Jungle terrain is both an ally and an enemy. The engine does a great job rendering the foliage of Southeast Asia, and it isn't just for show. It's so thick that you can ably stage hit-and-run raids where you blitz enemy positions and then fade back into the green. Bad guys take advantage of the green stuff as well, though, and it's so voluminous that you often can't see anything. Events develop so fast that your men might be slaughtered before you can get the camera properly into position. You expect a lot of jungle in a Vietnam game, of course, but it seems like you wind up with a big frond in your face every time you adjust the camera the slightest bit to better view a firefight.


The plan: Kill, or be killed.
All of the campaign missions can also be run through cooperatively with up to four other players. This is the best way to play the game, as it mitigates the extreme difficulty of going solo. It also lets you tackle objectives more efficiently via coordinated attacks. Some missions seem to have been designed with co-op in mind. The first mission, in fact, features a section where you must detonate three US Hueys before they take off. This is hard to achieve playing solo without sacrificing at least one man during the assault, because the choppers head to the skies almost as soon as you open fire. But when you're playing with a buddy, you can divvy up the targets to blow them all up before the pilots can get the rotors spinning. Unfortunately, there are some technical problems with online play. Connection errors frequently pop up on the server screen, making it impossible to join many matches. This may be because of conflicts between various versions of the game sold by different retailers or conflicts between those who purchased the DLC pack released alongside the main game and those who did not.
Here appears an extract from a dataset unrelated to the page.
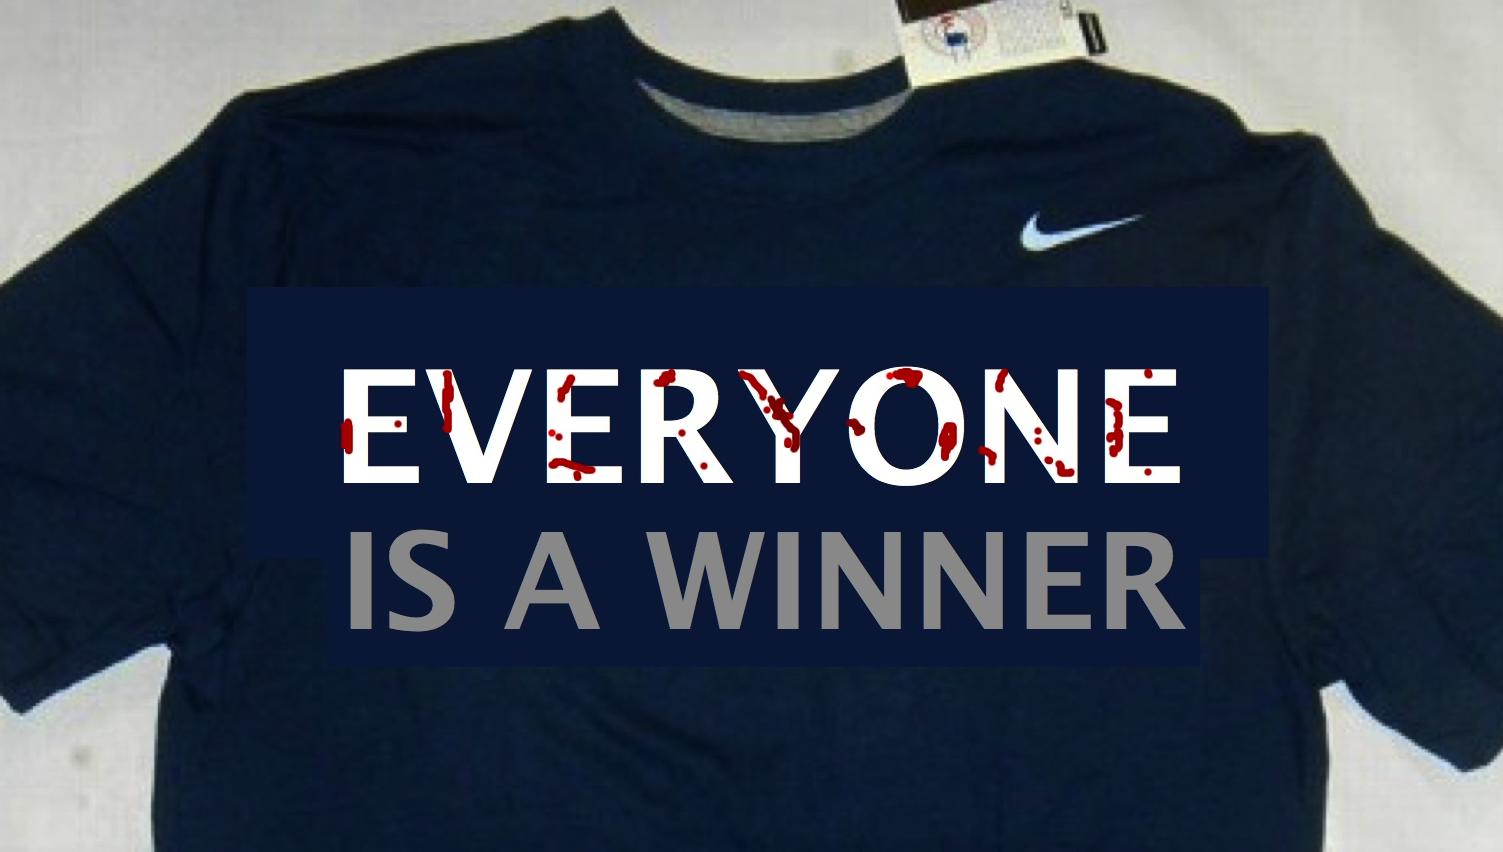 Nike slogans list

Either way, a patch is desperately needed. Even when you can get into games, the play is a bit laggy, and synchronization issues frequently arise.

As frustrating as Men of War: Vietnam is, it still provides some satisfying moments. Emerging hale and hearty at the end of a mission is always cause for celebration, seeing how the odds are so slanted against you, and the opposing forces are made up of what seems to be the entire US Army or Vietcong. Still, the extreme challenge is a tough sell, and it makes it so difficult to get past the first mission that you might never get to the point where you can get hooked.